What to work on: Your answer must hold only the lines below from the line containing "silver aiko ankle skinny jeans" through the line containing "moisturizing skin care", each reproduced exactly.

Data to process:
= Beginning of Section =
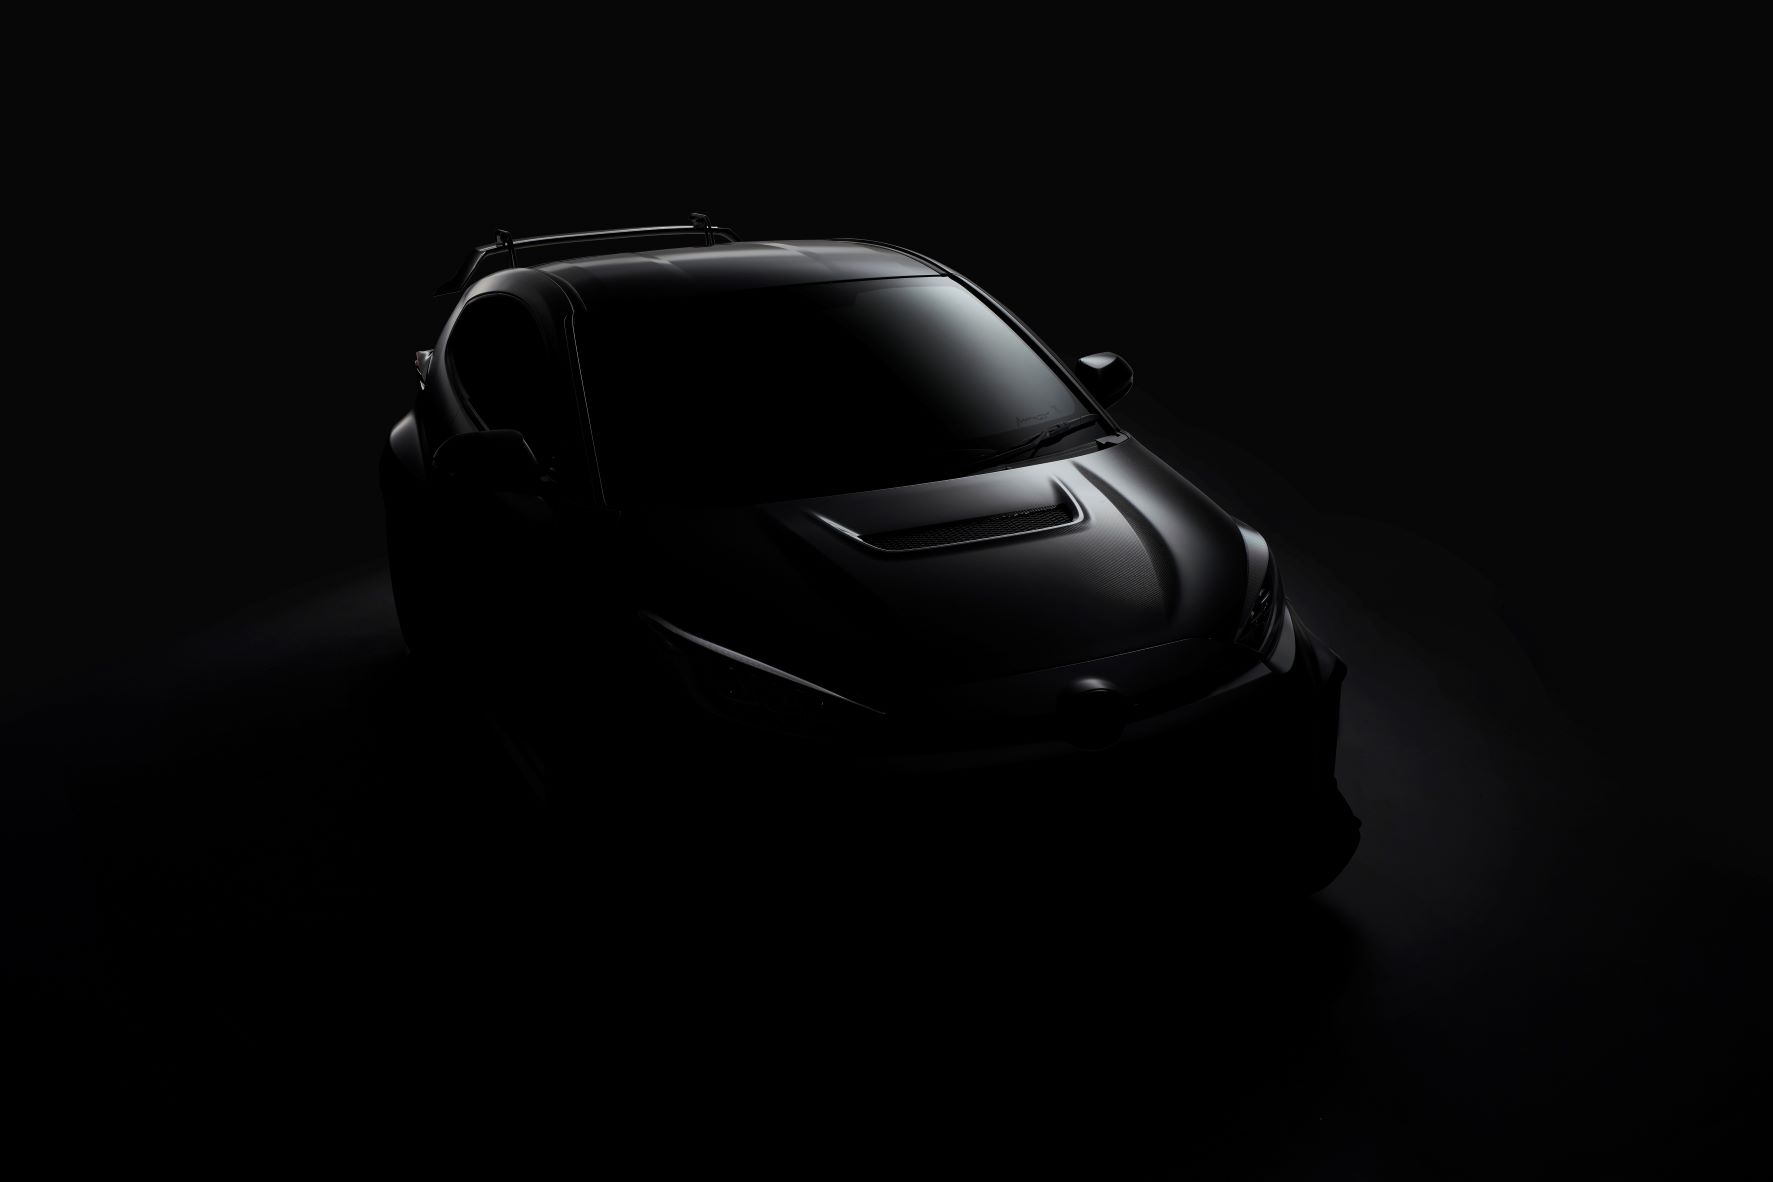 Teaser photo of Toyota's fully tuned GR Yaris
= End of Section =
= Beginning of Section =
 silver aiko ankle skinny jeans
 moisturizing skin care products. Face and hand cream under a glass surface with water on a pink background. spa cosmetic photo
= End of Section =
Answer area:
 silver aiko ankle skinny jeans
 moisturizing skin care products. Face and hand cream under a glass surface with water on a pink background. spa cosmetic photo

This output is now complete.